Wayne Rasmussen

No. 47
- Position: Safety

Personal information
- Born: June 7, 1942 (age 84) Chicago, Illinois, U.S.
- Listed height: 6 ft 2 in (1.88 m)
- Listed weight: 175 lb (79 kg)

Career information
- High school: Howard (Howard, South Dakota)
- College: South Dakota State
- NFL draft: 1964 (9th round, 117th overall pick)

Career history
- Detroit Lions (1964–1972);

Awards and highlights
- Second-team Little All-American (1963);

Career NFL statistics
- Interceptions: 16
- Fumble recoveries: 5
- Total touchdowns: 2
- Sacks: 1
- Stats at Pro Football Reference

= Wayne Rasmussen =

American football player (born 1942)

Wayne Rasmussen (born June 7, 1942) is an American former professional football player who was a safety for the Detroit Lions of the National Football League (NFL). After his football career, he spent many years as an executive for Citibank at their Sioux Falls, South Dakota location, and is now retired in the Sioux Falls area.
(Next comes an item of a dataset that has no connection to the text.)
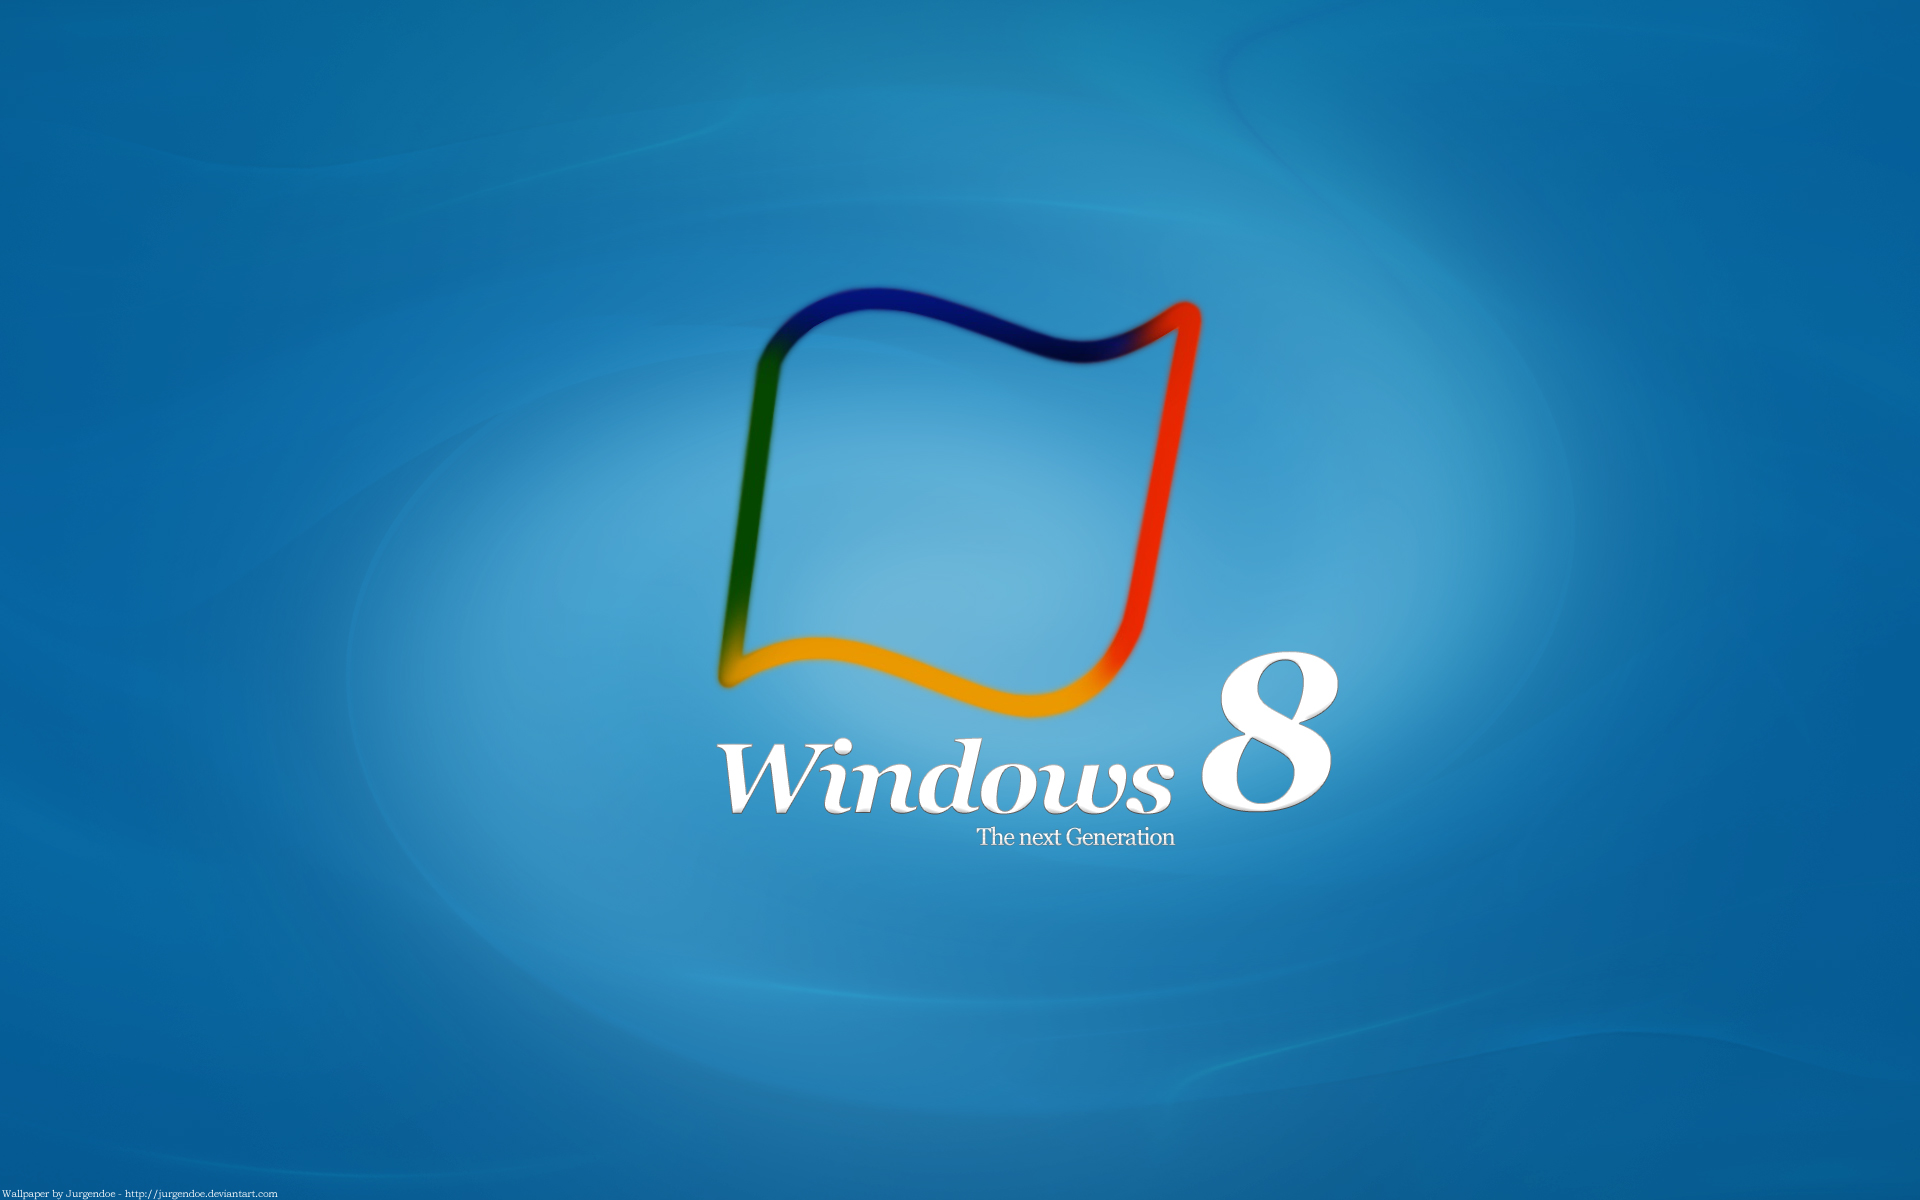 Download these 44 HD Windows 8 Wallpaper Images

Rasmussen graduated from Howard High School, located in Howard, South Dakota. Rasmussen played football, basketball and baseball at South Dakota State University. As point guard, he led South Dakota State to the NCAA Division II National Championship in 1963 and was named the tournament's Most Outstanding Player. Also, as a football player in college, he played wide receiver as well as defensive back.

He played as a defensive back for the Detroit Lions from 1964 to 1972.

He is an inductee of the South Dakota Hall of Fame and the South Dakota Sports Hall of Fame.